A little off topic, but for a while now I've been hoping to start up a Catholic Prepper's group at this forum. So if you're Catholic, (Catholics only) here's the invite.


----------



## Smitty901 (Nov 16, 2012)

Two hardest things for mankind to understand. Hell and how to avoid it. We are all headed there. The detour is simple the saving grace of Christ , just so hard for mankind to except. It is just to easy. When you die in Christ there are no sins to be judged, they are forgiven, forgotten . If there were another way we would not have needed the Saviour . I will not stand before God to be judged. I have already been judge and found guilty, it is the Saviour that wipes them away, then I will stand before God with out fault.


----------



## Camel923 (Aug 13, 2014)

The Pope said there is no hell. 
The Cardinals deny he said it. 

Then chunks of plaster fall from the ceiling of St Peter’s Basilica, witnessed by tourists.

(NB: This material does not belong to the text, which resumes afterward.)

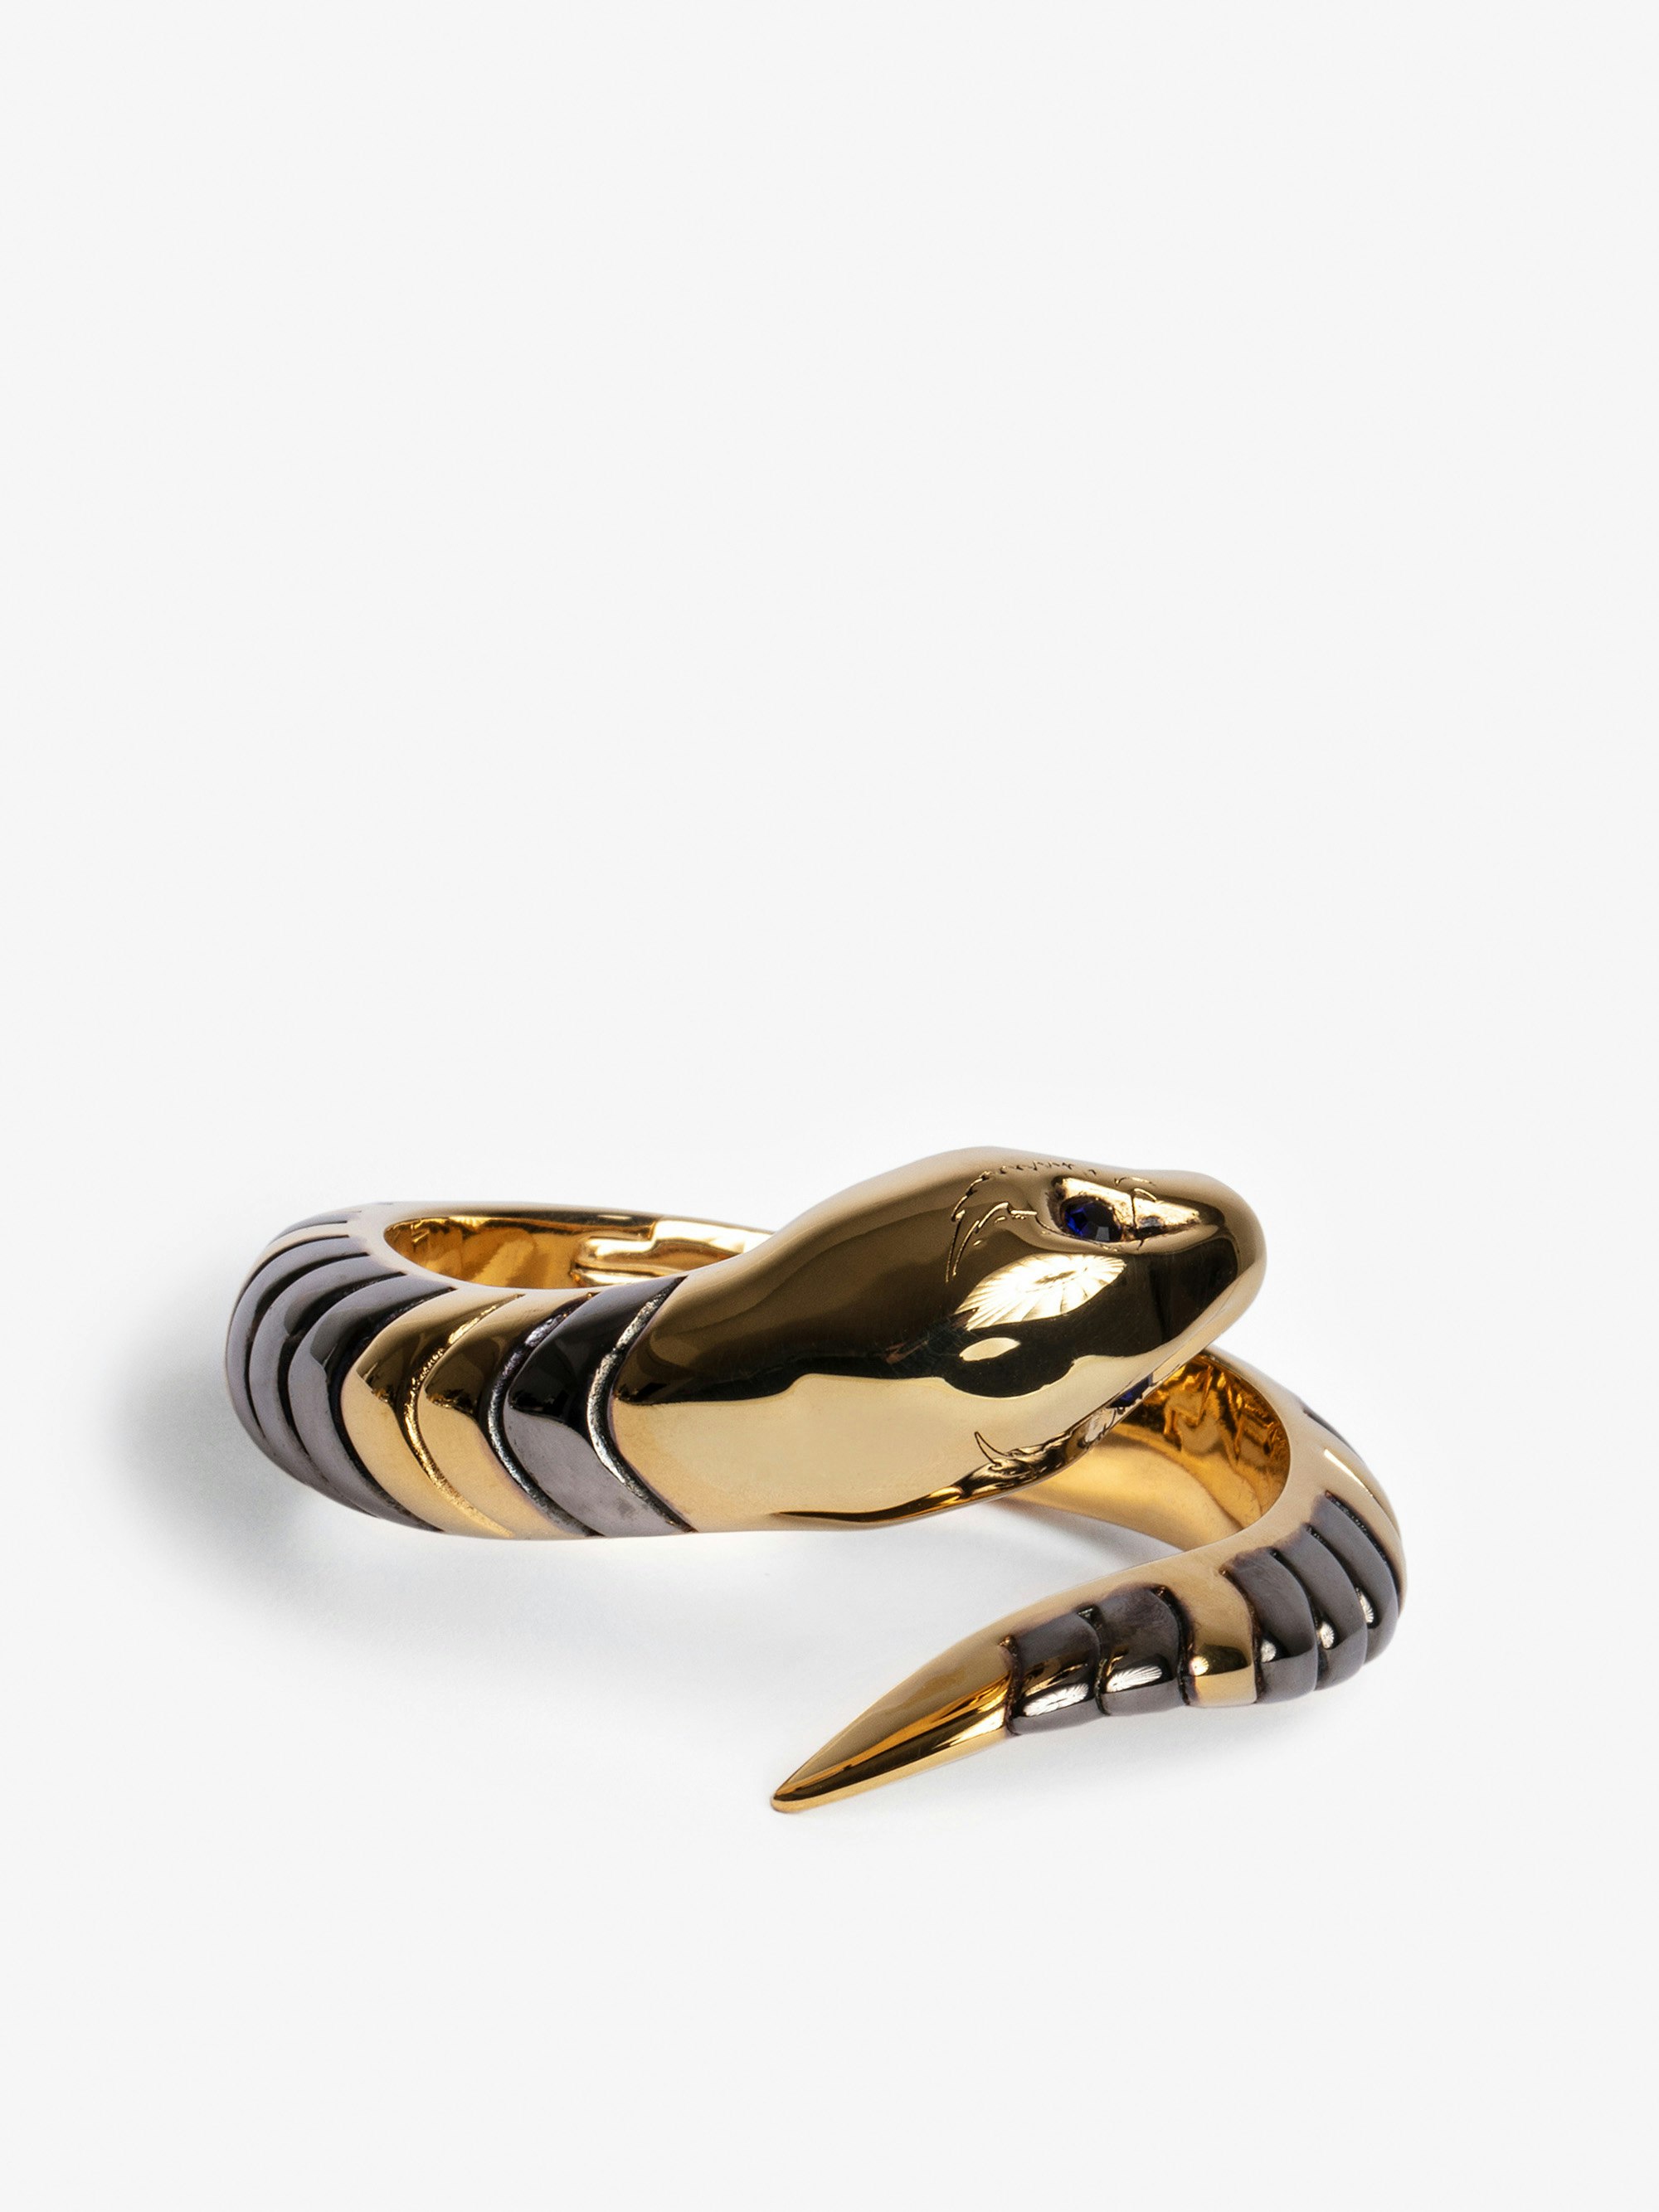 Bracelet Snake - Bracelet serpent en laiton doré.

Interesting that all of this happened the day before Good Friday, in front of Michelangelo's Pieta sculpture - depicting Mary holding the crucified body of Jesus, who died to remove original sin, giving us the choice between heaven and hell.

You make the call. 

Happy Easter.

Pope Declares No Hell

Vatican Denies Pope Said There Is No Hell

Plaster chunks from St Peter's ceiling rain on worshippers...


----------



## sideKahr (Oct 15, 2014)

Hey @Annie I seem to remember from catechism class, that Catholics MUST believe when the Pope speaks, he is the representative of Christ on earth, and he cannot make an error. Doesn't that open a can of worms.


----------



## RJAMES (Dec 23, 2016)

This is false. Pope has said it is false and that he never said anything like that. This is not a news article it is a blog .


----------



## Urinal Cake (Oct 19, 2013)

Well in Mathews, Jesus warns of Hell endlessly ..
This Pope is a Communist and a heathen. Do they ever remove a Pope?


----------



## Urinal Cake (Oct 19, 2013)

RJAMES said:


> This is false. Pope has said it is false and that he never said anything like that. This is not a news article it is a blog .

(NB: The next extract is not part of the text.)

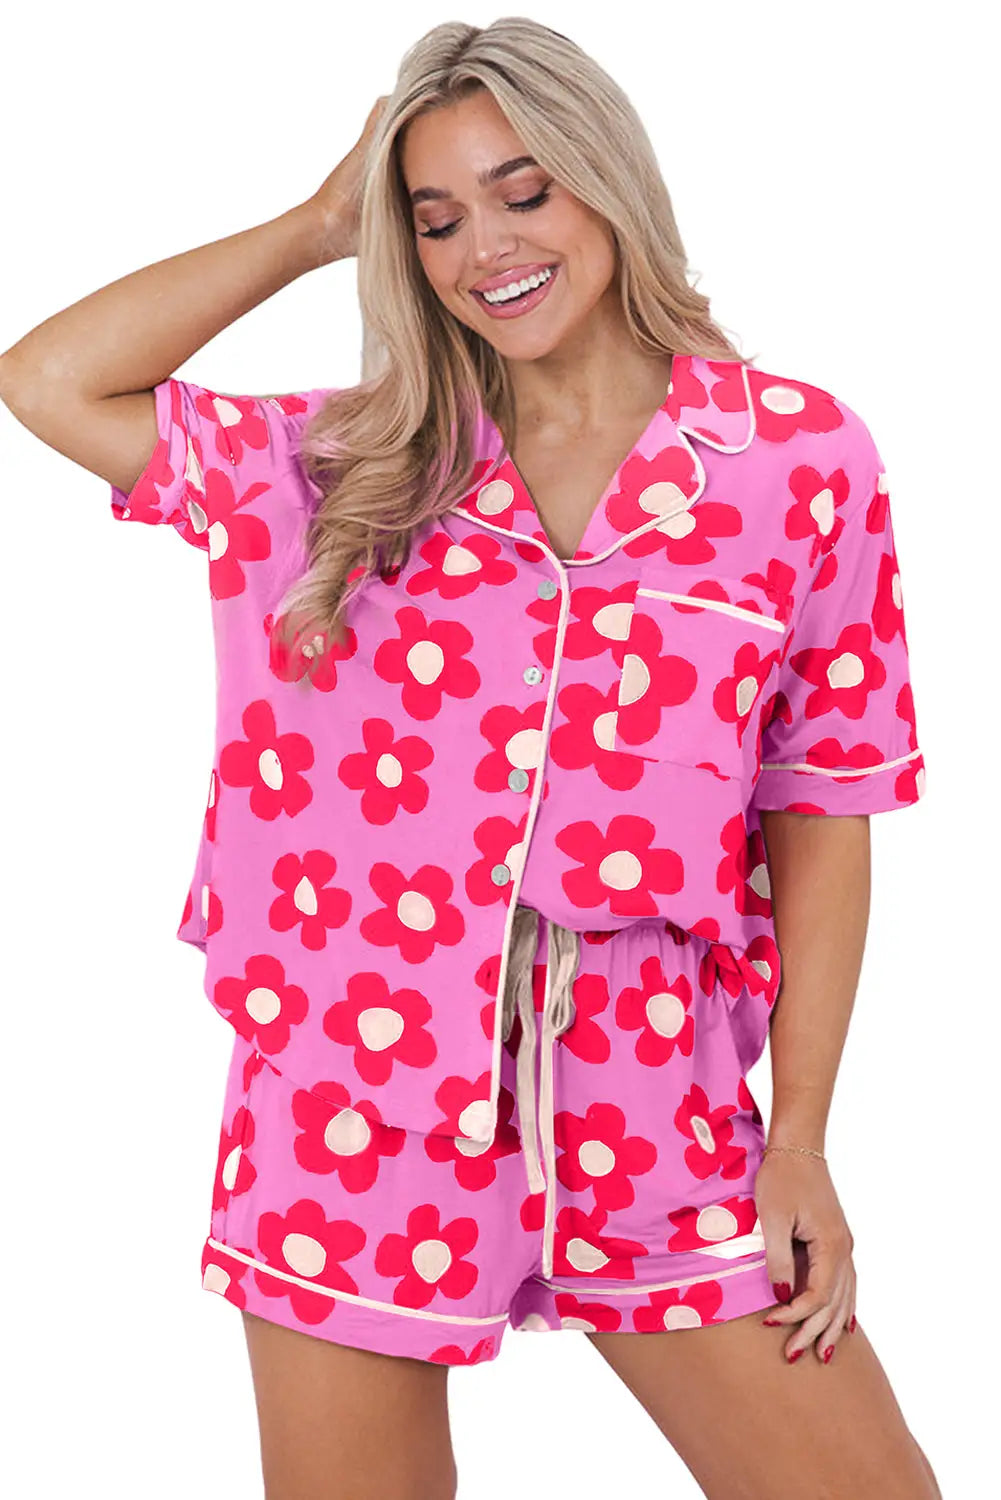 Flower shorts pajamas set - loungewear & sleepwear/sleepwear

Umm, it's called Back Pedaling....He said it and his self avowed atheist "Friend" leaked his conversation, perhaps with a wink and a nod from His Holiness.


----------



## Notold63 (Sep 18, 2016)

The Pope has never been in Chicago during an August heat wave.


----------



## Slippy (Nov 14, 2013)

To the OP, I give not 1 shat what this pope or any other pope says.



Annie said:


> A little off topic, but for a while now I've been hoping to start up a Catholic Prepper's group at this forum. So if you're Catholic, (Catholics only) here's the invite.


To @Annie s post,

Why only Catholics? Just curious.


----------



## 6811 (Jan 2, 2013)

RedLion said:


> Says the false commie prophet on his way to the nether regions.
> 
> https://www.cnsnews.com/blog/michael-w-chapman/pope-francis-there-no-hell


Does this mean I could do whatever the hell I want and still go to heaven?


----------



## RedLion (Sep 23, 2015)

6811 said:


> Does this mean I could do whatever the hell I want and still go to heaven?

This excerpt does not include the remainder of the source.